'I thought she must mean that,' murmured Lady Blixworth, gratefully.

'You can't touch pitch without being defiled—defiled,' remarked Lord Barmouth, with an unpleasantly direct look at Trix. Everybody nodded with a convinced air.

'That's right, Barmouth,' said Sir Stapleton Stapleton-Staines, a gentleman with a good estate in that part of the country. 'In my opinion that's right.'

That being settled, Lady Barmouth rose.

Next morning, after church (everybody went except Lady Blixworth, who had announced on going to bed that she would have a headache until lunch), Mervyn took Trix for a walk round the place. It was then, for the first time, her fright wearing off, that the truth of the position flashed on her in all its brilliance. She was no mere Saturday-to-Monday visitor; she had come to see what was to be her home; she was to be mistress of it all some day. Mervyn's words, and his manner still more, asserted this and reminded her of it every moment: the long stately façade of the house, the elaborate gardens, the stretches of immemorial turf, all the spacious luxury of the pleasure-grounds, every fountain, every statue, he pointed out, if not exactly for her approval, yet as if she had a right to an account of them, and was to be congratulated on their excellence. 'I have a great deal to give—look at it all. I give it all to you!' Some such words summarise roughly Mervyn's tone and demeanour. Trix grew eager and excited as the fumes of greatness mounted to her head; she hugged the anticipation of her splendour. What a victory it was! Think of the lodging-houses, the four years with Vesey Trevalla, the pensions, think even of the flat—the flat and the debts—and then look round on this! Was not this the revenge indeed?

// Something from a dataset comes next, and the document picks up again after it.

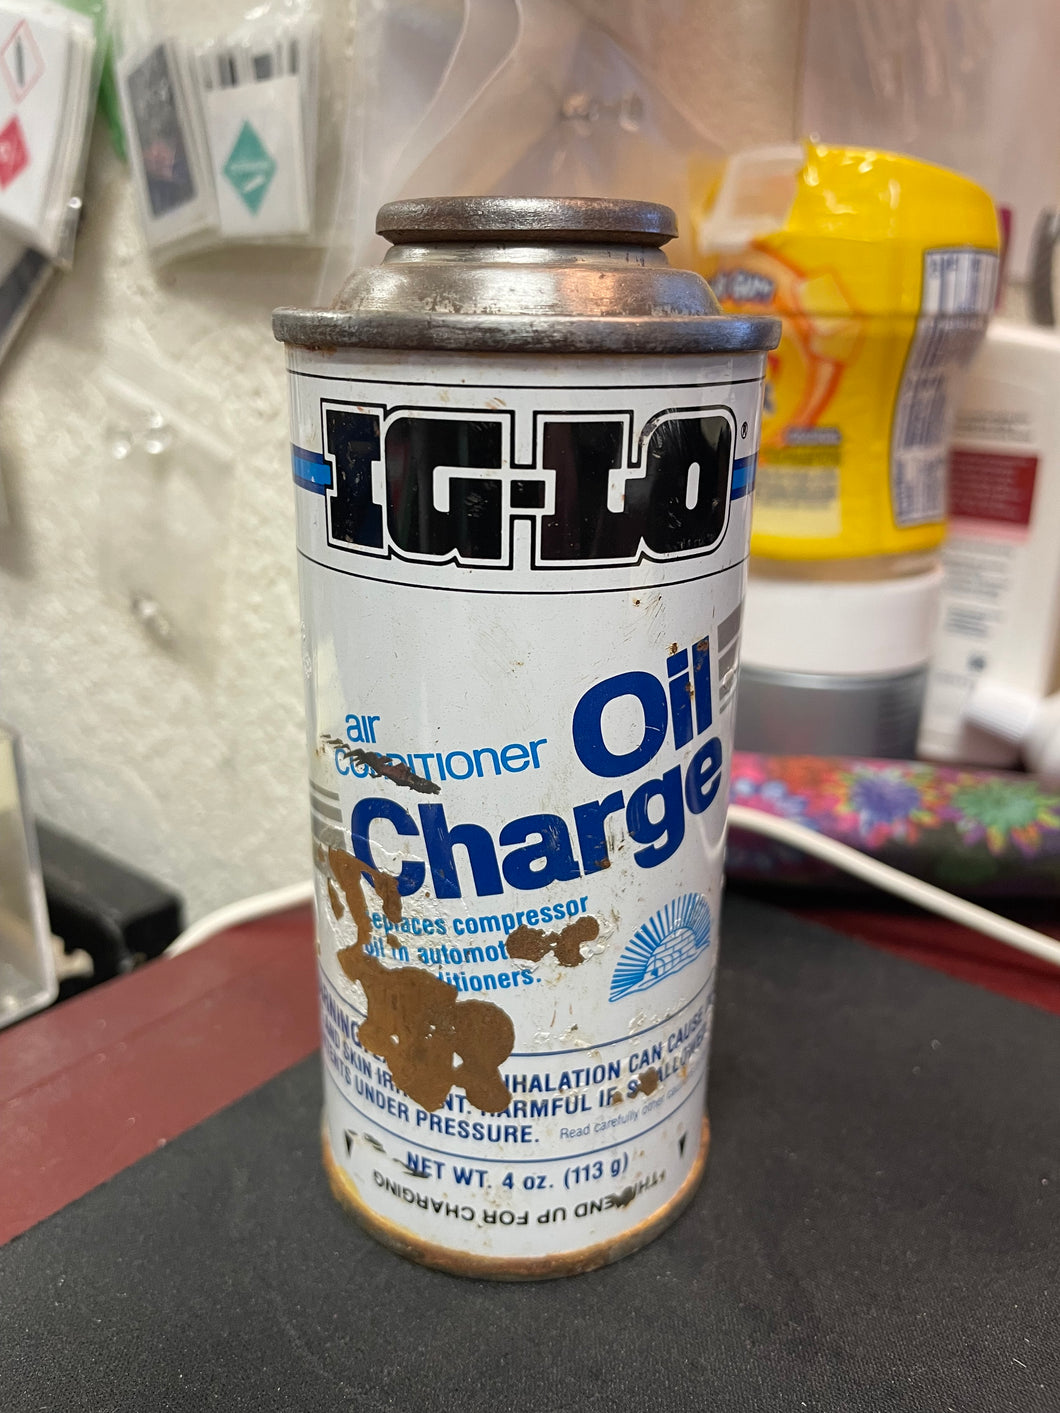 R12 Refrigerant Oil Charge, IGLOO Air Conditioner FREON 12, 4 oz. Can

And the price? She had learnt enough of the world now to be getting into the way of expecting a price. But it seemed very light here. She liked Mervyn, and not much more than that degree of feeling seemed to be expected of her. He was fond of kissing her hand in a rather formal fashion; when he kissed her cheek there was a hint of something that she decided to call avuncular. No display of passion was asked from her. All she had to do was to be a particularly good girl; in view of the manner of the whole family towards her, she could not resist that way of putting it. So long as she was a good girl they would be very kind to her. 'But we can't have pranks—pranks,' she seemed to hear her future father-in-law declaring. Against pranks they would be very firm. Like speculation, like the Frickers, pranks might invade every class of society, but they would find no countenance from the house of Barmouth.

Well, pranks are a small part of life, after all. One may like to think of a few as possible, but they are surely of no great moment. Trix thoroughly understood the gently congratulatory manner which the company assumed towards her. Audrey Pollington was wistfully and almost openly envious; she sat between two fountains, looking at the house and announcing that she would ask no more than to sit there always. Mrs. Bonfill, who could never be in a big house without seeming to own it, showed Trix all over this one, and kissed her twice during the process. Lord Barmouth himself walked her round and round the hall after lunch, and told her a family reminiscence for each several pillar that they passed. Only in Lady Blixworth's eyes did Trix find an expression that might be malice, or, on the other hand, conceivably might be pity. A remark she made to Trix as they sat together in the garden favoured the latter view, although, of course, the position of affairs tended to support the former.

'I suppose you haven't had enough of it yet to feel anything of the kind,' she said, 'but, for my part, sometimes I feel as if I should like to get drunk, run out into the road in my petticoat, and scream!'

'I don't think Lord Barmouth would let you come back again,' laughed Trix.